Fossil fuel companies across Europe raked in huge profits last quarter, including Italian energy giant Eni, whose net profits quadrupled while low-income Italians struggled to pay their energy bills. The EU must make the polluters pay and not the most vulnerable in our society.
Italy is a country where people spend proportionately more of their income on electricity, gas and other housing costs than the rest of the eurozone. Because of this, rising energy prices have significantly impacted the spending of households on lower incomes. However, the news was merely reported by the Italian press as an economic and financial success, overlooking the damaging social impacts of rising energy poverty.
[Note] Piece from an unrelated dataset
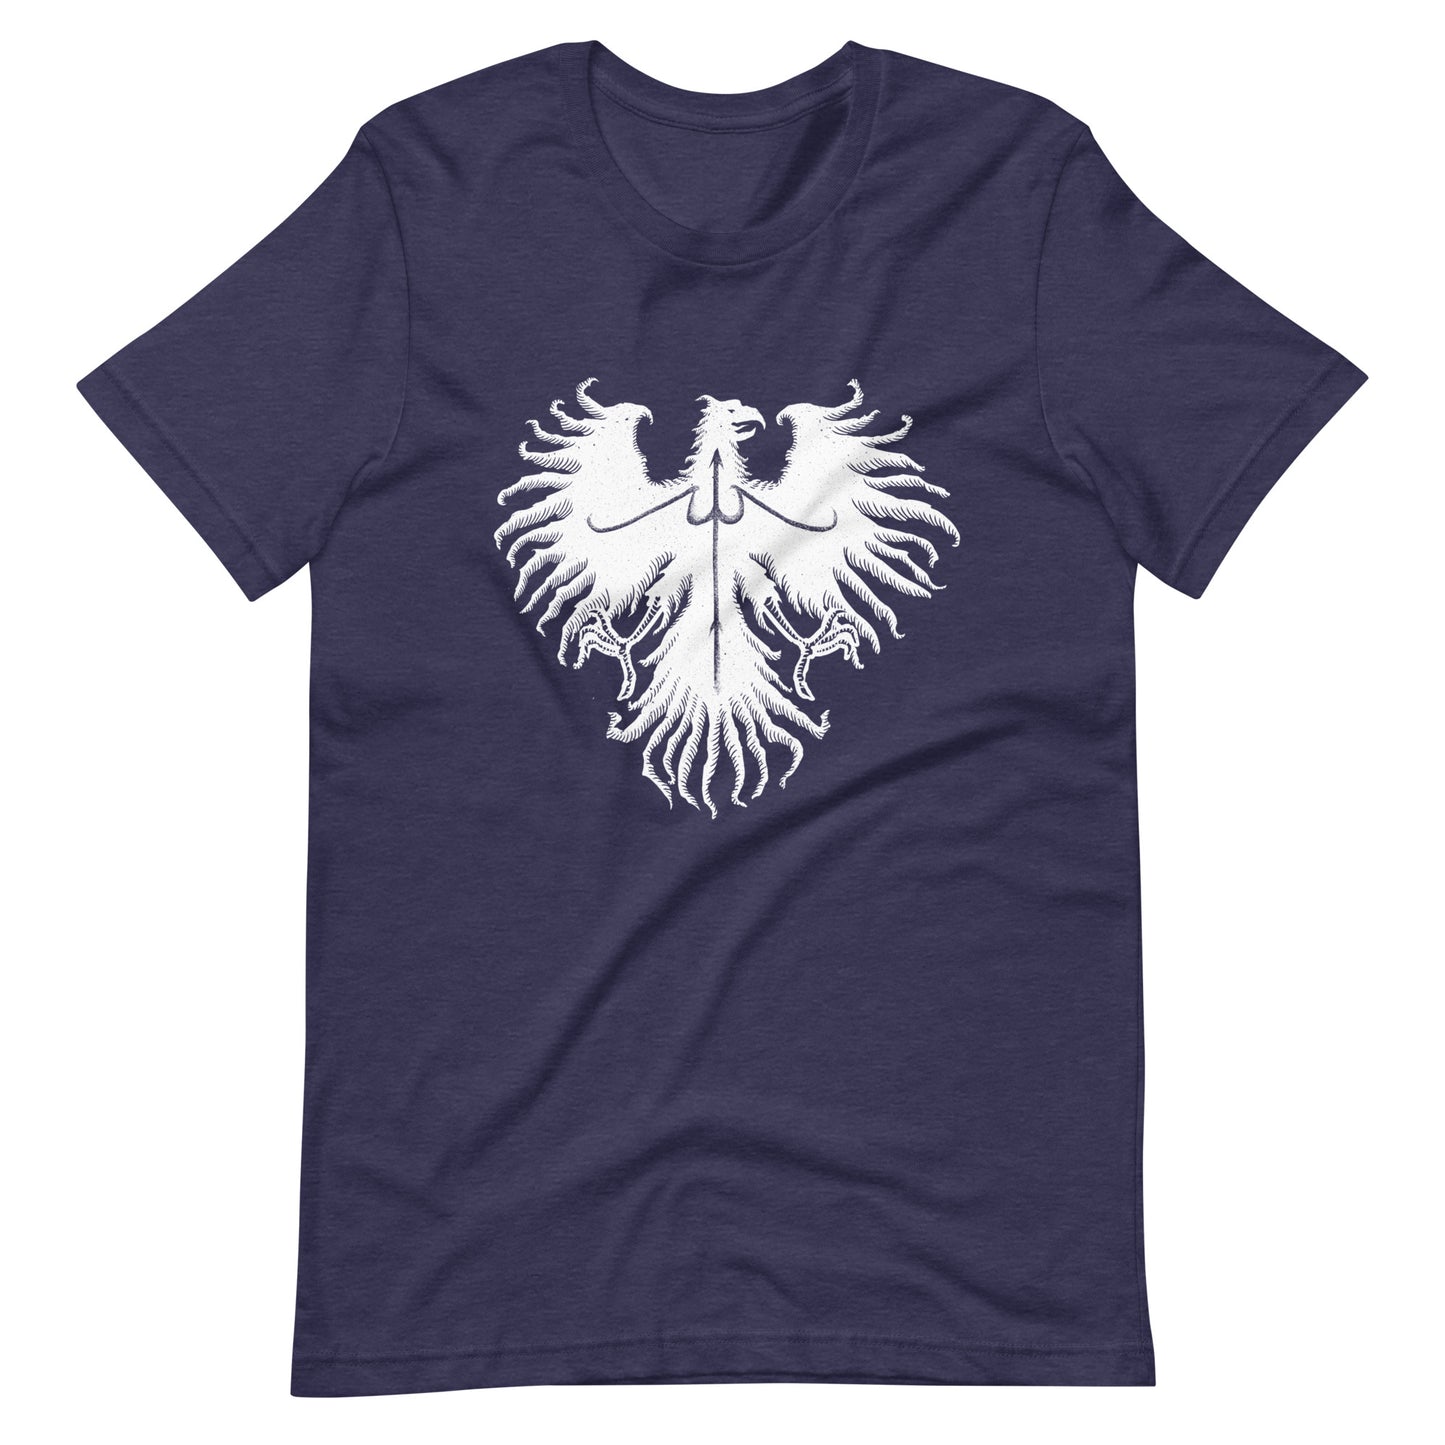 Black Eagle - Men's t-shirt - Heather Midnight Navy Front
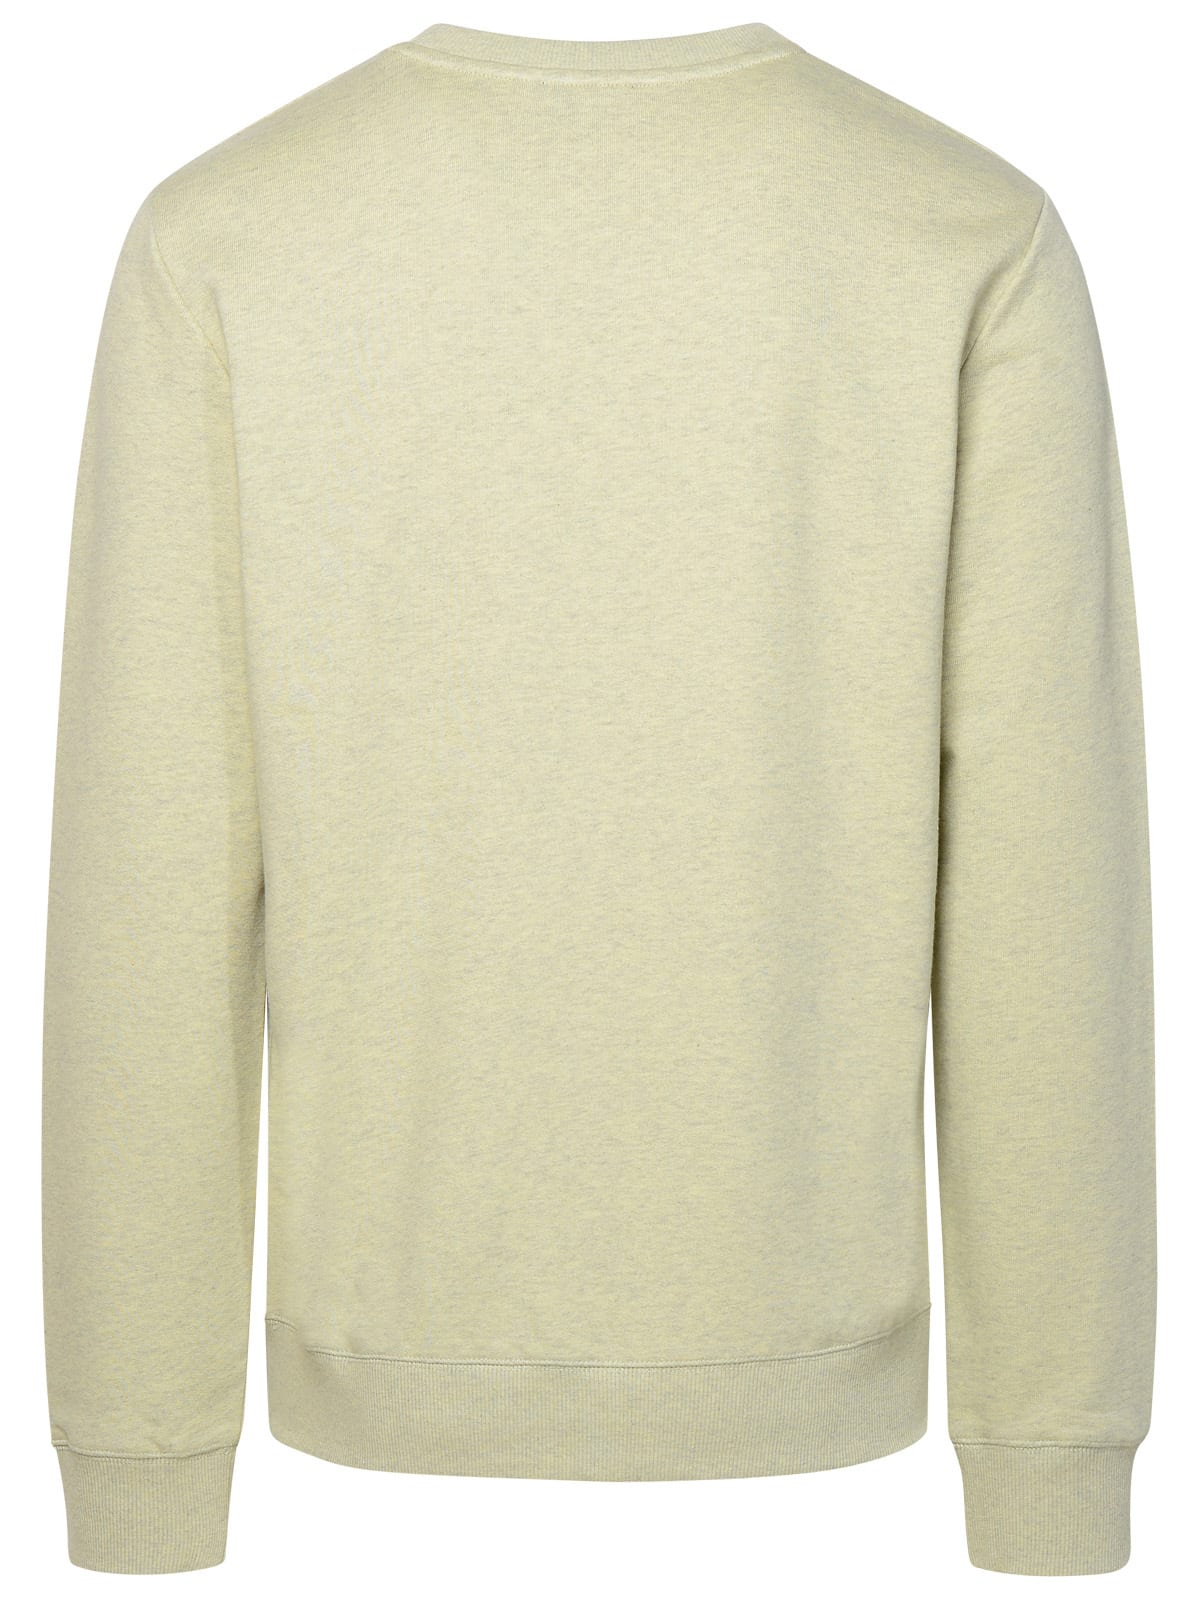 Shop Apc Green Cotton Sweatshirt

ENI is not the only major oil company to have earned such high profits recently. On the same day, Exxon and Chevron reported big revenues for the same 2022 quarter, ranging from $5.5 billion and $6.3 billion respectively.
ENI, together with these other oil companies, benefited from increasing oil and gas prices linked to the post-pandemic recovery and Russia’s invasion of Ukraine. BP’s chief Bernard Looney even was quoted last November to have called the current energy market “a cash machine” .
In a context where oil giants continue to fuel the climate crisis, while massively profiting from the market, firm action should be taken to prevent their profits increasing at the expense of low income households.
Extraordinary times require extraordinary measures. The European Commission broke a longstanding taboo when it presented the REPowerEU plan, a set of European actions for more affordable, secure and sustainable energy. One of the more notable measures is that the Commission will allow Member States to impose a tax on windfall profits generated by energy companies and return the revenues for redistribution to consumers. According to the International Energy Agency such windfall taxes could generate up to €200 billion in 2022.
In parallel, on the other side of Rue Belliard in Brussels, the European Parliament is about to vote on the European Union’s Emissions Trading System (EUETS) revision and is frantically discussing the potential implementation of an ETS2 for transport and buildings.
One of the crucial points of the proposal is how to ensure that big polluters – and not poor households – pay the bulk of the costs related to the implementation of an ETS2.
If the climate transition has any hope of working, the fossil fuel industry should be required to absorb part of the EU’s new carbon price, while using the revenues wisely to break free from fossil fuels.